陈峻没有让徐沅去虹桥。他坐地铁到她住处附近。下午五点多,徐沅在小区门口看见他。陈峻穿着一件洗得有点发软的黑色T恤,背着双肩包,手里拎着一袋水果。八月的上海闷热,他从地铁站走过来十几分钟,额头全是汗。两个人隔着几步站了一会儿。以前每次见面,陈峻都会先抱她。那天没有。他先看了看她的脸色,确认已经比周四好很多,才把水果递过去。

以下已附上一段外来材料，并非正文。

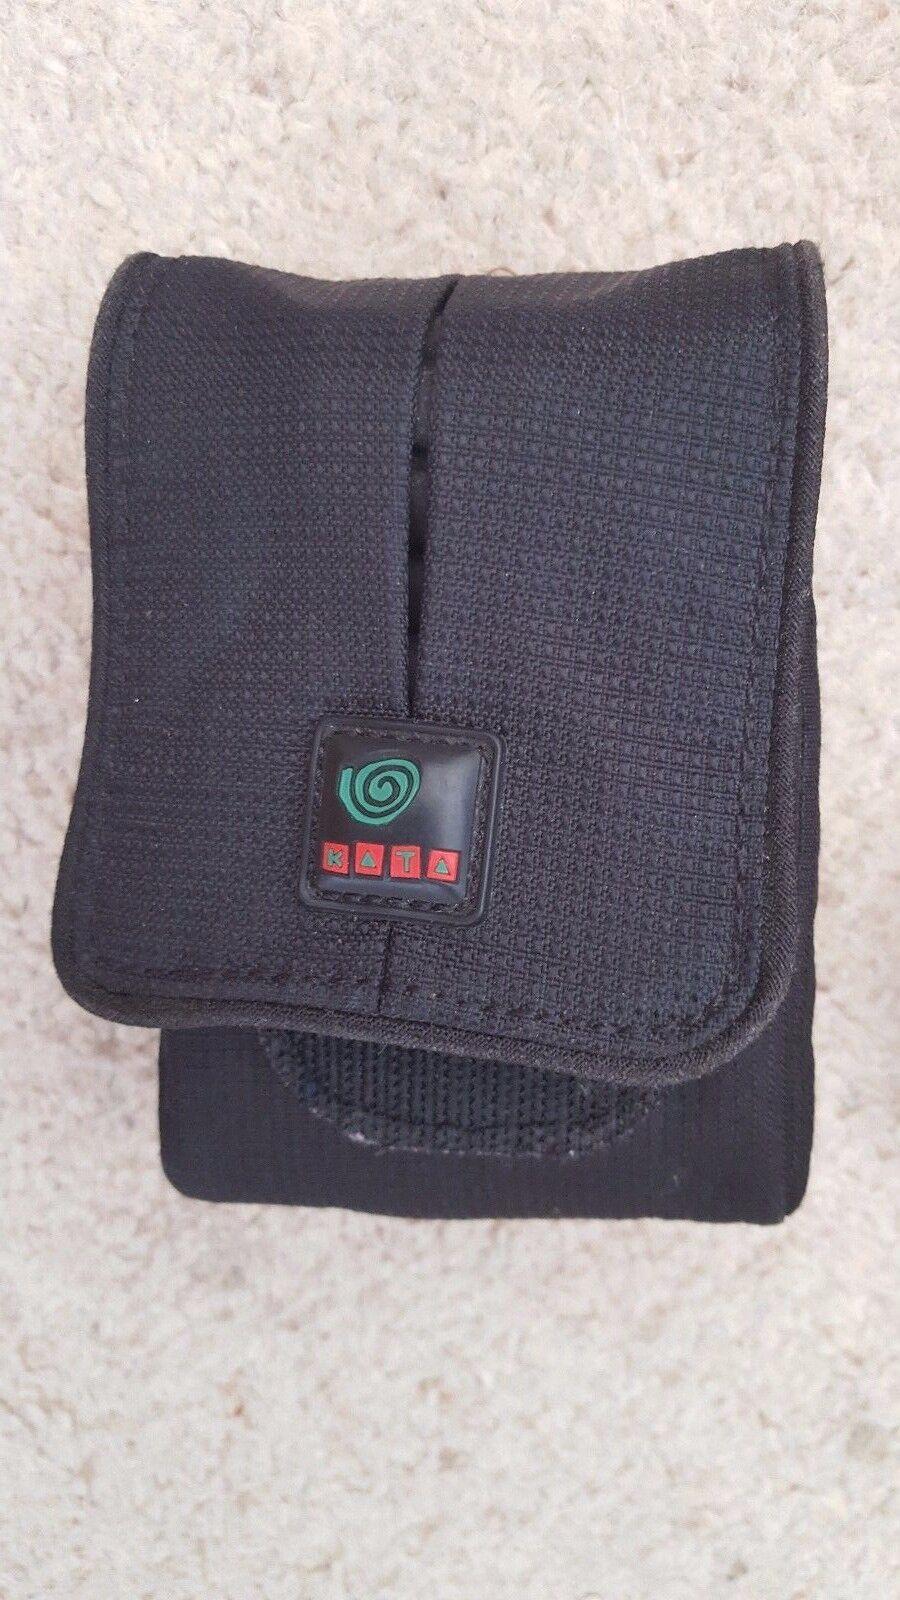 KATA DP-403 DPS Pouch Case for Compact Cameras

袋子里有苹果、葡萄和两盒蓝莓。徐沅第一反应还是问他为什么买这么多,陈峻笑她又开始算钱。那点笑意让两个人都松了一些。他们没去商场,也没找像样的餐厅。徐沅这两天胃口不好,最后在小区外面一家砂锅粥店坐下。店里冷气不够,门口电风扇一直转,吹得桌上的纸巾轻轻抖。
这一年半,他们大多数见面都差不多。谁过去都不会专门安排行程,到了以后吃顿饭,在附近走走,第二天再回去。异地不是两个人一开始的计划。徐沅原本也在南京工作,后来上海的一家公司给她多开了一千五百块,她犹豫了两天,陈峻先劝她去。那时他们都觉得南京到上海不算远,高铁班次那么多,一两个小时怎么也不能算远距离。
车程只有一两个小时,周一到周五那些临时发生的小事却赶不过去。
她加班到十一点,陈峻只能在电话里问到家没有;陈峻项目现场发烧,她也只能替他点药。两个人都忙的时候,一周说不上几句完整的话,周末见面又舍不得把时间花在争吵上,于是工资、房子、父母和未来这些不太好看的问题,总被一句“以后再说”推回下一次。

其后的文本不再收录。